Girkin zapowiada klęskę. "Zbliżamy się do porażki w wojnie"
Igor Girkin, po tym jak kilkanaście dni temu kazał Władimir Putinowi "zamknąć się i zamilknąć", znów zaatakował Kreml. W najnowszym nagraniu były oficer FSB zapowiedział klęskę Rosji, wskazując jednocześnie jej przyczyny.
Igor Girkin, były dowódca separatystów w Donbasie, od dłuższego czasu bardzo krytycznie ocenia zaangażowanie wojsk rosyjskich na wojnie z Ukrainą. Po raz kolejny opublikował w tym kontekście wideo z ostrą wypowiedzią.
Girkin znów atakuje Putina. Tym razem zapowiada klęskę armii
W mediach społecznościowych jej część przytacza doradca szefa ukraińskiego MSW, Anton Gieraszczenko.
Dalsza część artykułu pod materiałem wideo
- Niestety, sytuacja na froncie, którą próbują upiększyć media, skrajnie negatywnie wpływa na sytuację w naszym kraju, w całym naszym państwie. Nie boję się tego powiedzieć, że zbliżamy się do porażki w wojnie - oceniał w nagraniu były oficer FSB.
Girkin wskazał przy tym, co jego zdaniem spowoduje, że Kreml przegra starcie z Kijowem.
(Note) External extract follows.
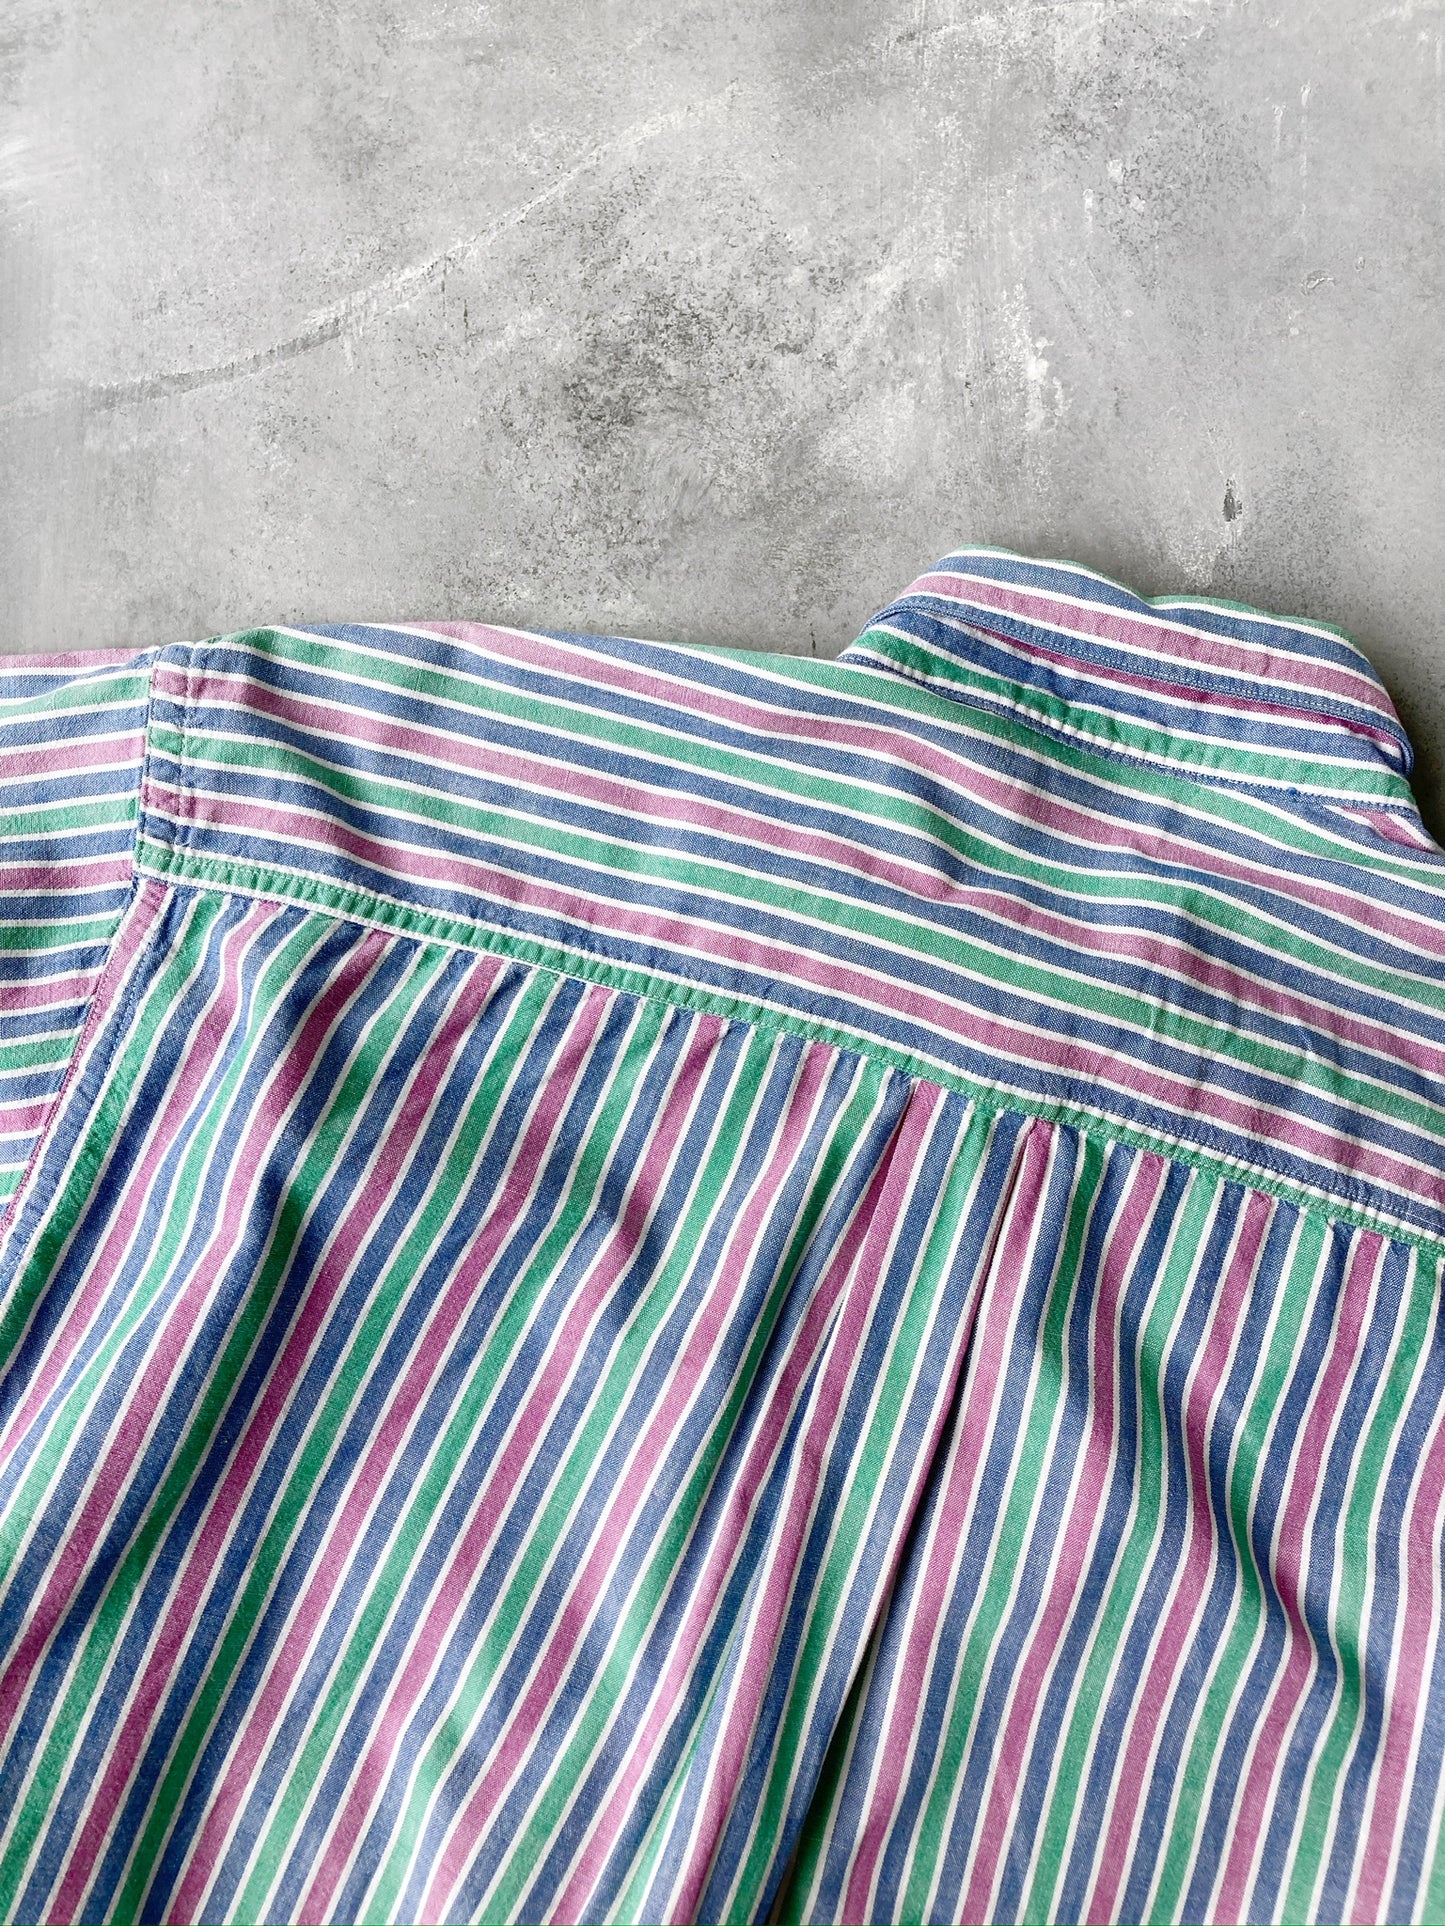 L.L. Bean Pastel Stripe Shirt 90's - Large / XL
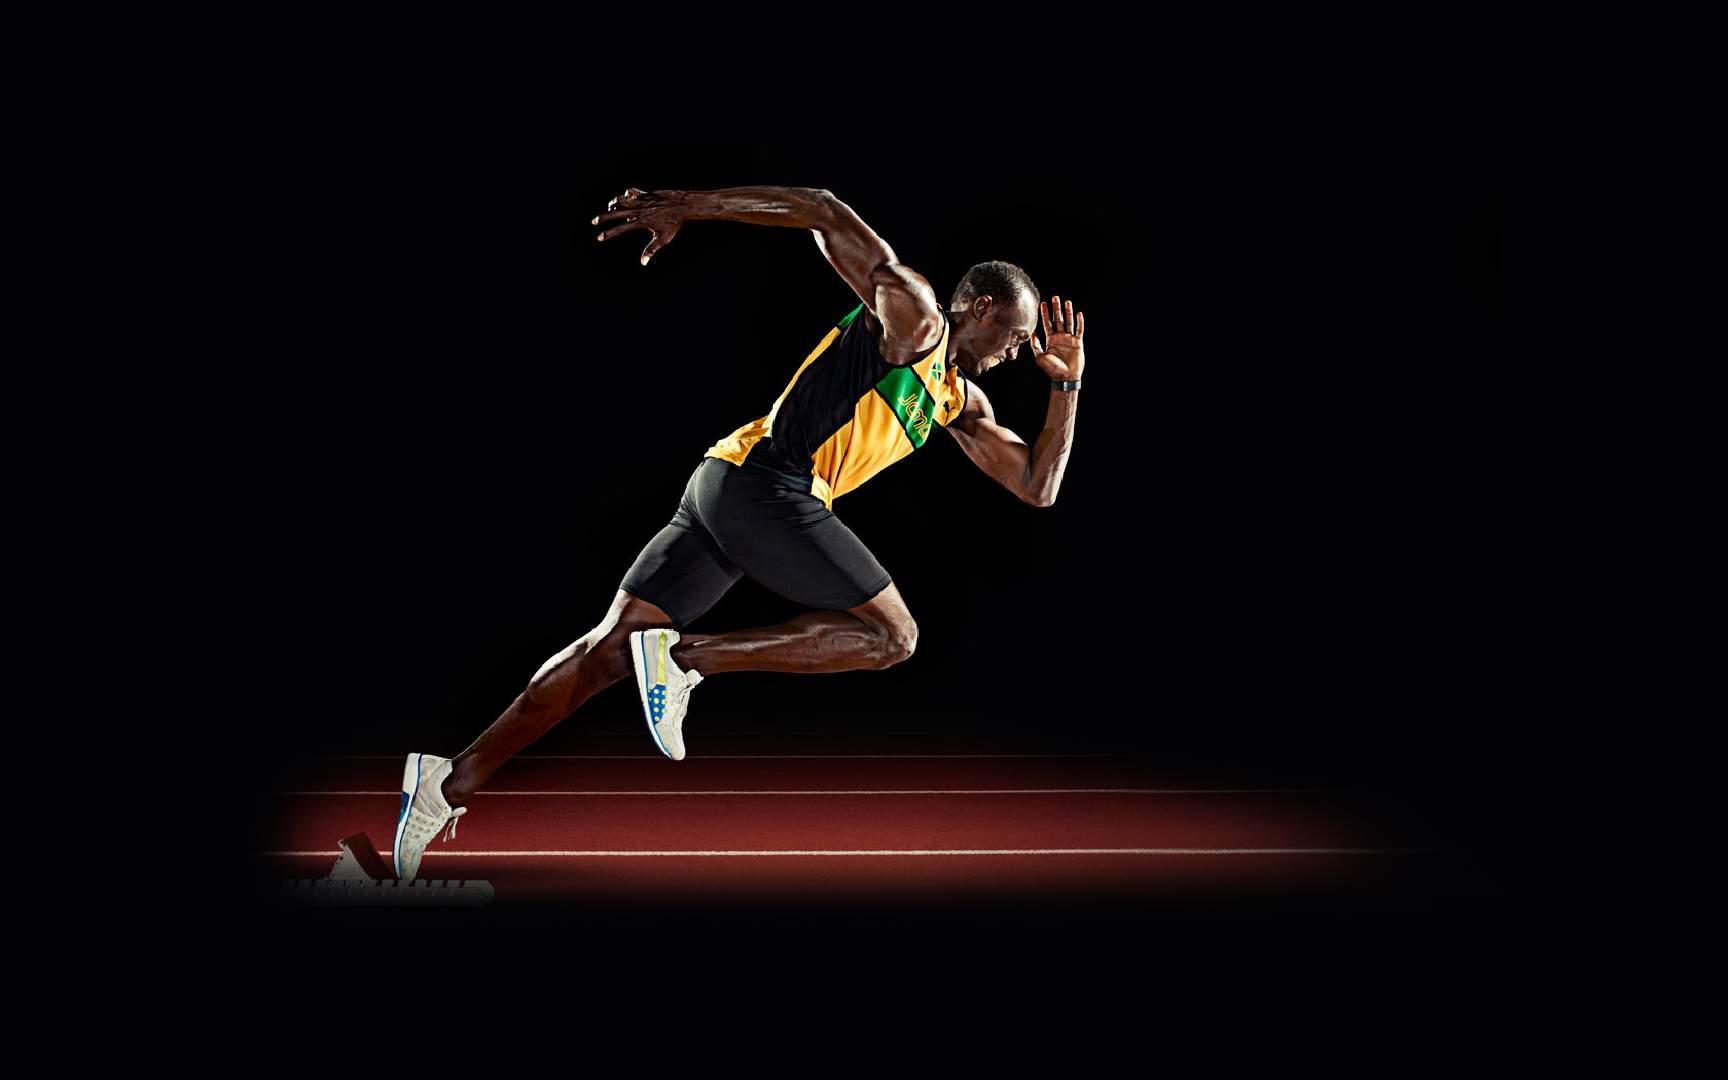 Usain Bolt Wallpaper, 49 Usain Bolt HD Wallpaper Background, T4

- Nawet nie dlatego (przegramy), że nie możemy zrobić postępów w żadnym z kluczowych miast obwodowych - w trakcie zimy nie potrafiliśmy choćby odepchnąć wojsk wroga na 10 kilometrów od Doniecka. I nawet nie dlatego, że musieliśmy opuścić Chersoń, wycofać się z obwodu charkowskiego, odejść z Kijowa. A dlatego, że weszliśmy do długiej, przeciągającej się wojny - wskazywał były kremlowski wojskowy.
Jak zaznaczył, okazało się, że do inwazji nie była gotowa rosyjska gospodarka, "armia, system polityczny i duża część liderów".